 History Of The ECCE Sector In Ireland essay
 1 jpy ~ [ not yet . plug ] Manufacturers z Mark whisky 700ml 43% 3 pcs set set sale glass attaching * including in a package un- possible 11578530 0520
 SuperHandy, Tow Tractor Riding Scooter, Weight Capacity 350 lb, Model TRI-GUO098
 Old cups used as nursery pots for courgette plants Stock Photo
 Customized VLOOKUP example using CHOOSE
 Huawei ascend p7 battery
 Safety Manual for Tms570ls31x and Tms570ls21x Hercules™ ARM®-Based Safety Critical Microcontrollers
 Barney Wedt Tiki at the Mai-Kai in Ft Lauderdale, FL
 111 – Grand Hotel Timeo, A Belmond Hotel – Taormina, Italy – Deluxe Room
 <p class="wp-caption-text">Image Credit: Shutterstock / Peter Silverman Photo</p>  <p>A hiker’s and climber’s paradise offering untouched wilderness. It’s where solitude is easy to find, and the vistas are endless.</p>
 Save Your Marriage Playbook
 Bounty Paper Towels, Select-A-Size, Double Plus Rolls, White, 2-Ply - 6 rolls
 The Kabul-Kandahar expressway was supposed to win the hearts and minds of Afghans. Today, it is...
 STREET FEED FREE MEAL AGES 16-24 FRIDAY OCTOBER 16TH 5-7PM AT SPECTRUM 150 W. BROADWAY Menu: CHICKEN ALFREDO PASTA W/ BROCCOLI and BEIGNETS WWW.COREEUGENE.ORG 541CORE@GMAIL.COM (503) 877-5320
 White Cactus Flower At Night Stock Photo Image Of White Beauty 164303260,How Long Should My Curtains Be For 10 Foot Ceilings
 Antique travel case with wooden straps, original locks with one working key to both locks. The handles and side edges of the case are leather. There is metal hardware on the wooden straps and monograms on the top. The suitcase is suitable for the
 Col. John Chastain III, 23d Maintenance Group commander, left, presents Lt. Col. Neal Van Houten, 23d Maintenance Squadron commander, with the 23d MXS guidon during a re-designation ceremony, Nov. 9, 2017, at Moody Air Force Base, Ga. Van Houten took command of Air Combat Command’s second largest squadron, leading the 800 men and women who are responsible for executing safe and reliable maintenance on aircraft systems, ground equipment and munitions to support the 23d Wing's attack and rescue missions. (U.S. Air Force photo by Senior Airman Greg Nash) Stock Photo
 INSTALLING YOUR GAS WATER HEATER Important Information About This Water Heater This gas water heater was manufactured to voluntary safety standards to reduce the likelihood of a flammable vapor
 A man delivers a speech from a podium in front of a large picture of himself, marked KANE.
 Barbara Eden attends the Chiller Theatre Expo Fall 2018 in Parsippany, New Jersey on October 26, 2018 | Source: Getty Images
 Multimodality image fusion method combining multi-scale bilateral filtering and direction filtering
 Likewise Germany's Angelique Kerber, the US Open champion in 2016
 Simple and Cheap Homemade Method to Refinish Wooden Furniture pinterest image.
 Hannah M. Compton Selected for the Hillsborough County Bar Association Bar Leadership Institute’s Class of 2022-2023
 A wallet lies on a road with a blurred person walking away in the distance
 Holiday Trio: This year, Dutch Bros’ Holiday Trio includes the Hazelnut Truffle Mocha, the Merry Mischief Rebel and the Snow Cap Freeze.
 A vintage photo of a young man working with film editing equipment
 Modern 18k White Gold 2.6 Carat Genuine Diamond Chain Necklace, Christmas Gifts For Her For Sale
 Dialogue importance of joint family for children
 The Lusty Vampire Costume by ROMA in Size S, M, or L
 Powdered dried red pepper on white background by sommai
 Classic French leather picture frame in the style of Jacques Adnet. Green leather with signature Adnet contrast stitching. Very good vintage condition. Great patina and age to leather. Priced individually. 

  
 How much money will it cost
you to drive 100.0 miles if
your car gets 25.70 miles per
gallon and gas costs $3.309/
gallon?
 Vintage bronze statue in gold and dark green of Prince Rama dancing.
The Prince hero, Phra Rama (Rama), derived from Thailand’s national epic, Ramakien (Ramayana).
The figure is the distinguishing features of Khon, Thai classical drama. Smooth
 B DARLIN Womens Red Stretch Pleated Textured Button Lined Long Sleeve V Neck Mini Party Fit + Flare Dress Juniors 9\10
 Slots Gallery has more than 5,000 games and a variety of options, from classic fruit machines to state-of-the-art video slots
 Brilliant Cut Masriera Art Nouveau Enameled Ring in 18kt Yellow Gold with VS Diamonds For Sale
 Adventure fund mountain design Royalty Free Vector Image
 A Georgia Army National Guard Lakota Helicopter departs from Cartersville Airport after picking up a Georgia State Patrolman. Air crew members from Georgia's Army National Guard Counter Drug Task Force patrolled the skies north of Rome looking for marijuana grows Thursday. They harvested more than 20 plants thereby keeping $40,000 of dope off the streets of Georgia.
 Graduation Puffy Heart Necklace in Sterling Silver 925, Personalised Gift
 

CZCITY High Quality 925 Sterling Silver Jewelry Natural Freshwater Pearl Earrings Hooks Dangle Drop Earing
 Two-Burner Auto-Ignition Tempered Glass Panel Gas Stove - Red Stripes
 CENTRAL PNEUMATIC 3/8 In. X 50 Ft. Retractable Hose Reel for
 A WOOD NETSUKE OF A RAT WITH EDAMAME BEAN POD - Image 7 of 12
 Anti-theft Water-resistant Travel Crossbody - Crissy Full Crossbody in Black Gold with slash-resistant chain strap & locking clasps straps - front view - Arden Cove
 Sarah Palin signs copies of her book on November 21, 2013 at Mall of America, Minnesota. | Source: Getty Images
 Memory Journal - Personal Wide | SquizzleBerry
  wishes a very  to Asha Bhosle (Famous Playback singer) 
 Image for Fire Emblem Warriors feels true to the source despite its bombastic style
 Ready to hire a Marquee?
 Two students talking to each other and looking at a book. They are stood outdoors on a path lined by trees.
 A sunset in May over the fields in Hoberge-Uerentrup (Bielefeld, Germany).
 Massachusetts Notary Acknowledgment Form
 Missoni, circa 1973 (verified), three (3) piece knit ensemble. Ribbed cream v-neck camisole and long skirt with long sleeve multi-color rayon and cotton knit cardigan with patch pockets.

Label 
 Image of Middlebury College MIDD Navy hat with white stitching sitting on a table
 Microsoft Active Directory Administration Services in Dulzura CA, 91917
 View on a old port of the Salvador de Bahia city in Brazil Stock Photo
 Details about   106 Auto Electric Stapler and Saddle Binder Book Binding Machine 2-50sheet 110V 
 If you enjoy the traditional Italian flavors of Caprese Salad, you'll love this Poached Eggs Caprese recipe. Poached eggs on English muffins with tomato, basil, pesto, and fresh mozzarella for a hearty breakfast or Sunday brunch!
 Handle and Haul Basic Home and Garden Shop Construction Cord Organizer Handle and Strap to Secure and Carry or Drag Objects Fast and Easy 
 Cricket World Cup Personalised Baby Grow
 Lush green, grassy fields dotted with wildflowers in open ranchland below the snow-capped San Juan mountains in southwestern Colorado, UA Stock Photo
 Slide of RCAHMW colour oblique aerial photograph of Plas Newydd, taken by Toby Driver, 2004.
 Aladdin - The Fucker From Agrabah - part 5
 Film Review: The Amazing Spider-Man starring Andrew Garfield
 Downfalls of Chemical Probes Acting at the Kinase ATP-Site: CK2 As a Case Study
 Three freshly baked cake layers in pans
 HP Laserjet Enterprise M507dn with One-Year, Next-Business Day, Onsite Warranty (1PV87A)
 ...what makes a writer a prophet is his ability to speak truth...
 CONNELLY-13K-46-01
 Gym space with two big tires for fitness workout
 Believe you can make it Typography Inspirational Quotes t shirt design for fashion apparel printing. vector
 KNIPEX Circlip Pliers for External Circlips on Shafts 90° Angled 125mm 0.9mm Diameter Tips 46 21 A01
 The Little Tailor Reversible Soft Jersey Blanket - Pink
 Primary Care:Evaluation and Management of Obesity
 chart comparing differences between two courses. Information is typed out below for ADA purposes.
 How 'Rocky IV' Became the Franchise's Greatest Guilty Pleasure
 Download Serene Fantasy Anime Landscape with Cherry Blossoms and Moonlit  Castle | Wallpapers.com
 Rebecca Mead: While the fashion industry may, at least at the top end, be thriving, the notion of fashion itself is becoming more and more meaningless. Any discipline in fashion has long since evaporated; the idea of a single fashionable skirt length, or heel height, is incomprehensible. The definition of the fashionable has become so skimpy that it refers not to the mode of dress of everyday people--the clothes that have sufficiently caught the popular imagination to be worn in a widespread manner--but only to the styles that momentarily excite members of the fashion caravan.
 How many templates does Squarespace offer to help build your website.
+---+
WORK REQUEST: From the records above, copy every line that includes the word "front".

ANSWER TO THE EXERCISE:
 A man delivers a speech from a podium in front of a large picture of himself, marked KANE.
 Anti-theft Water-resistant Travel Crossbody - Crissy Full Crossbody in Black Gold with slash-resistant chain strap & locking clasps straps - front view - Arden Cove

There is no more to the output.